Does anyone have any pictures on how they got around this issue? At the moment im thinking i will tape the wires to the inside of the roof and have the last bit hanging down, but i'd have to get some trustworthy tape as i don't want it to give way and cause a pendulum for my crestie to avoid!

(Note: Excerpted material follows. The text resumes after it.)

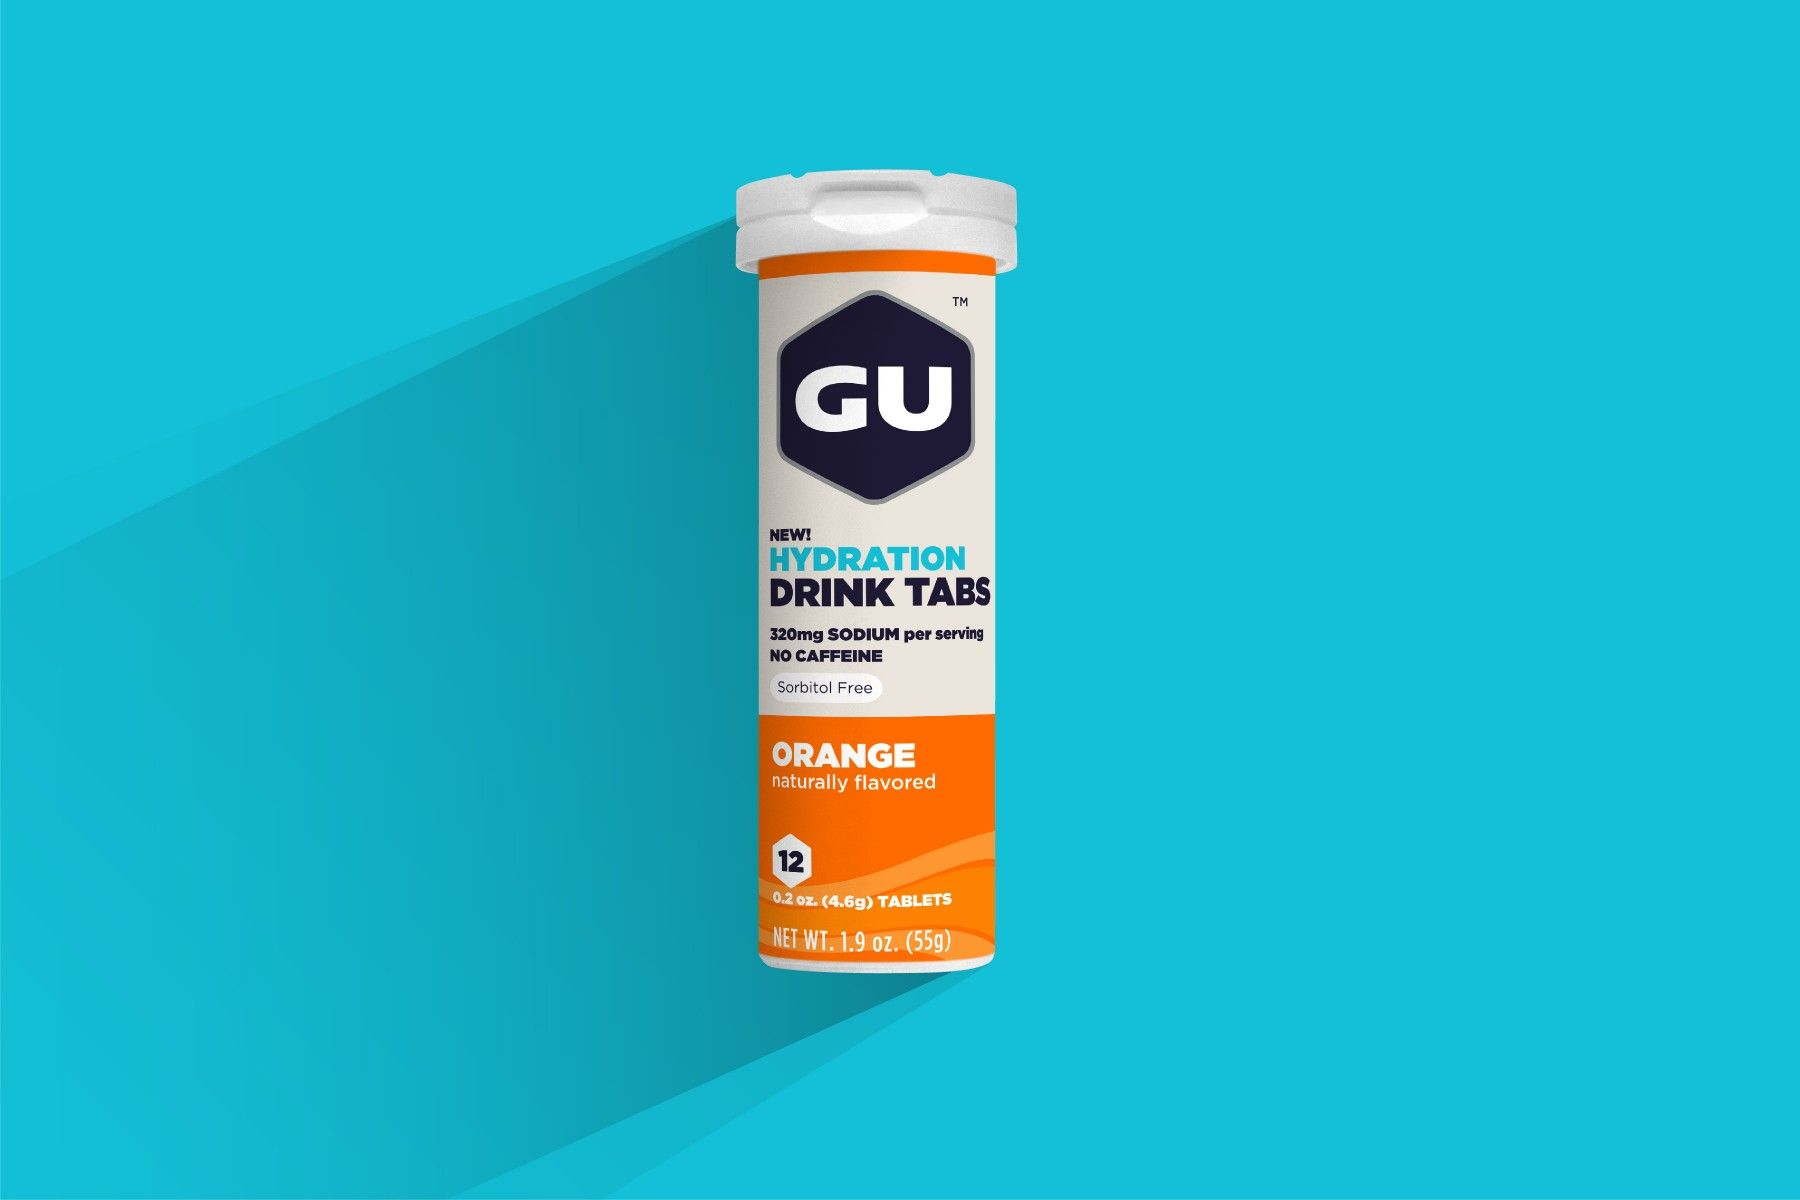 gu packaging - Google Search

Any ideas? Previous experience?

Cheers,
Benjy


----------



## flashpanther (Oct 29, 2010)

I'm lucky to have aquired two Zoo Med terrarium mesh roofs so can experiment with this problem using the night sky leds. But haven't yet so interested in any replies to the original threads post also. Would also love to see any photos. Andy


----------



## sharpstrain (May 24, 2008)

could you not just use thin wire threaded through the mesh and then tied around the led's


----------



## BenjyCJ (Apr 15, 2011)

Wire sounds like a good idea. However in the end i went for thin strips of gaffa tape and then also put gaffa tape on top hoping that the 2 pieces would stick through the gaps of the mesh and reduce the risk of unsticking. It doesn't look too messy and seems to hold better than I imagined. I don't have time now, but I will post pictures later.


----------



## BenjyCJ (Apr 15, 2011)

Seems to be doing the trick at the moment, however i think I'l thread some wire through as well near the heavy end (in the 2nd picture).

Thanks for the help!


----------



## BenjyCJ (Apr 15, 2011)

It fell during the night, but i've used twiddlers (the ones you get with packs of sandwich bags) to hold the wires back up. This looks a lot safer.

Wires 1 : Gaffa Tape 0


----------